1. Technical Field
The present invention relates to an electron emission device, and in particular, to an electron emission region and a method of manufacturing the same.
2. Description of the Related Art
Generally, the electron emission devices are classified into a first type where a hot cathode is used as an electron emission source, and a second type where a cold cathode is used as the electron emission source. The second type of electron emission devices include a field emitter array (FEA) type, a surface conduction emitter (SCE) type, a metal-insulator-metal (MIM) type, a metal-insulator-semiconductor (MIS) type, and a ballistic electron surface emitting (BSE) type.
The electron emission devices differentiate in their specific structure depending upon the types thereof, but basically have an electron emission unit placed within a vacuum vessel to emit electrons, and an image display unit facing the electron emission unit in the vacuum vessel to emit light or display the desired images.
With the FEA type electron emission device, electrons are emitted from electron emission regions due to the electric fields formed when driving voltages are applied to the driving electrodes placed around the electron emission regions. The FEA type electron emission device has a triode structure with cathode, gate and anode electrodes. The gate electrodes are first formed on a first substrate, and after an insulating layer is formed on the gate electrodes, cathode electrodes and electron emission regions are formed on the insulating layer.
With the above structure, there is no possibility that the gate and the cathode electrodes are short-circuited to each other during the processing thereof. As the electron emission regions are placed at the topmost area of the first substrate, a thick filming process, such as screen printing, can be easily applied thereto. The relatively simple processing steps related thereto are advantageous in making wide-screened display devices.
With the above-structured electron emission device, the electron emission regions are patterned by coating a photosensitive electron emission material onto the first substrate, and exposing it to light, followed by developing it.
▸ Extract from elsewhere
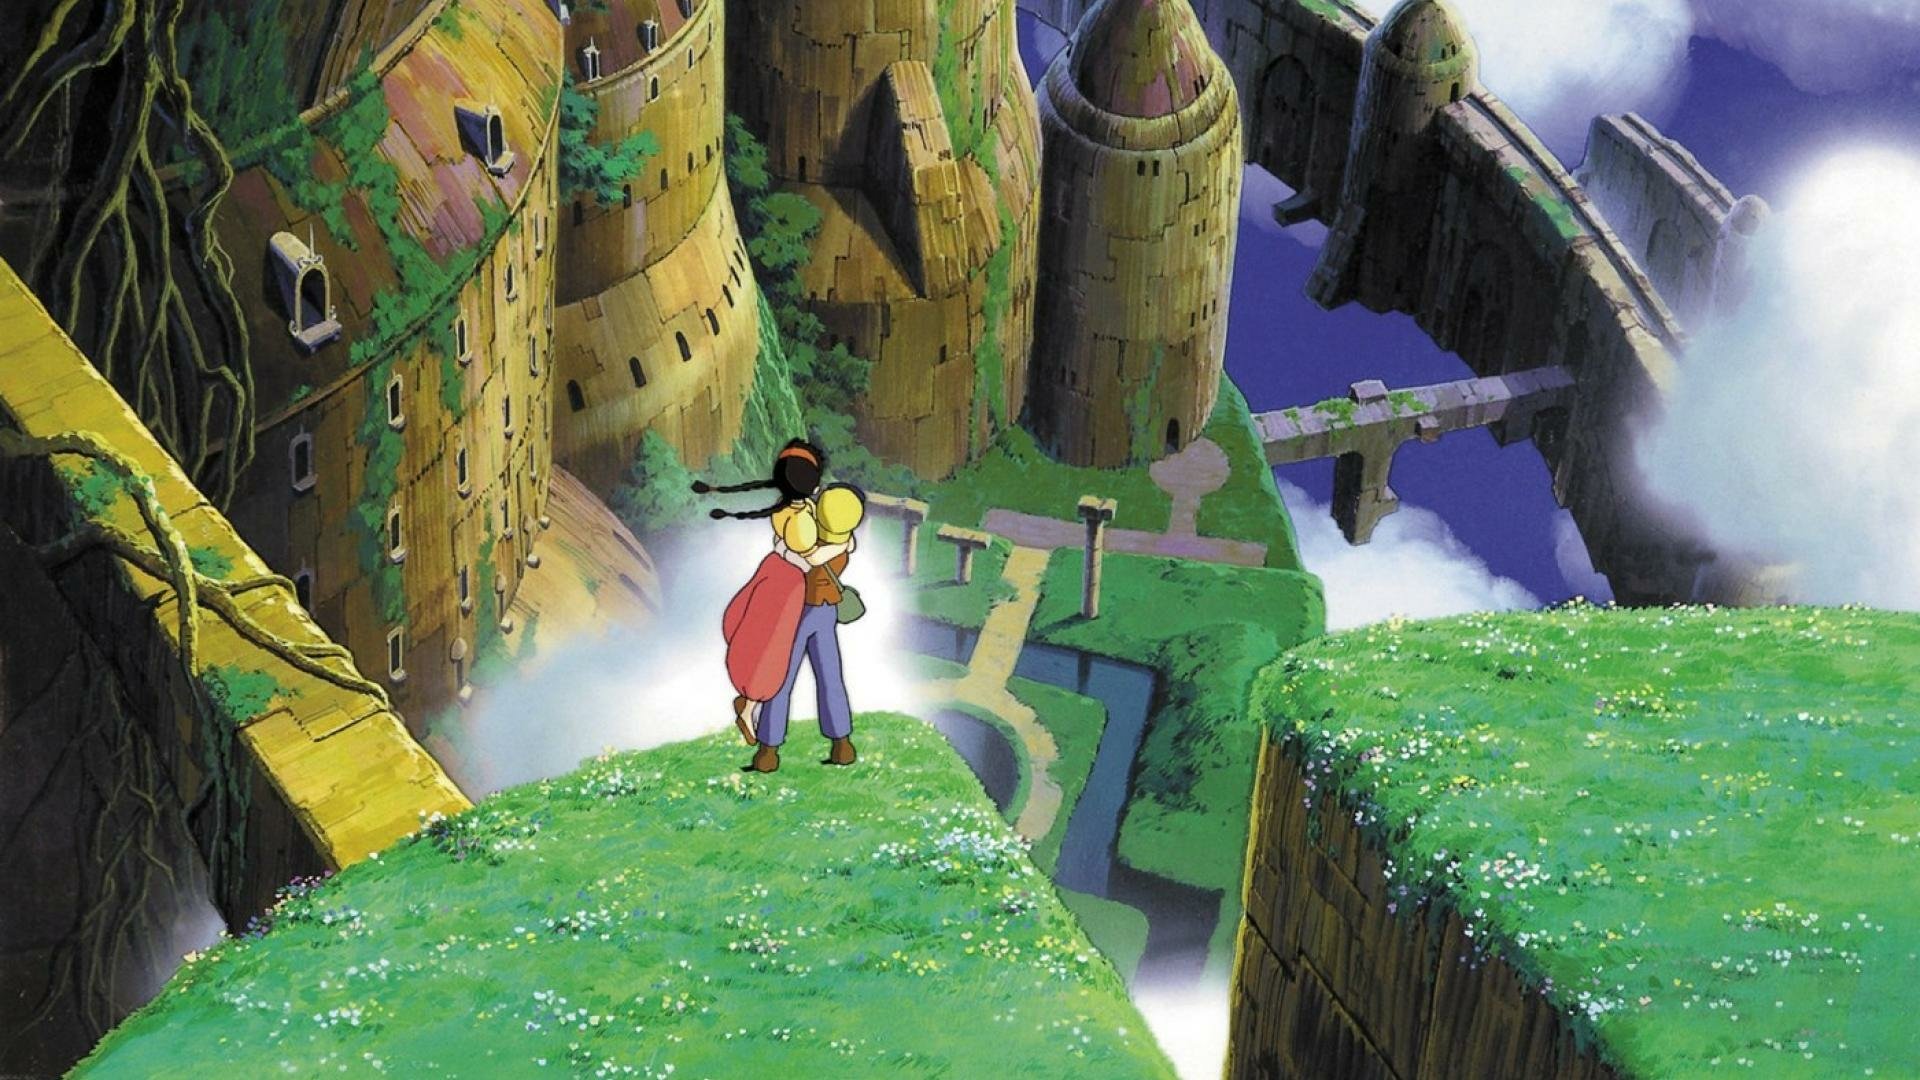 castle in the sky download

When ultraviolet rays are illuminate the electron emission material from the front side of the first substrate during the light-exposing step, the pattern of the electron emission regions is non-uniformly made, and the adhesion of the electron emission regions to the cathode electrodes is poor.
Accordingly, a backside exposure technique where the illumination of ultraviolet rays is made from the back side of the first substrate has been recently applied for the light exposing. However, a structure produced by such a method results in a high contact resistance between the electron emission regions and the cathode electrodes, a large voltage drop across the cathode electrodes and cracks in the insulation layer formed between the cathode and gate electrodes. All of these problems result in deteriorated image quality. What is needed is a design for a field emission device and a method of making that overcomes the above problems.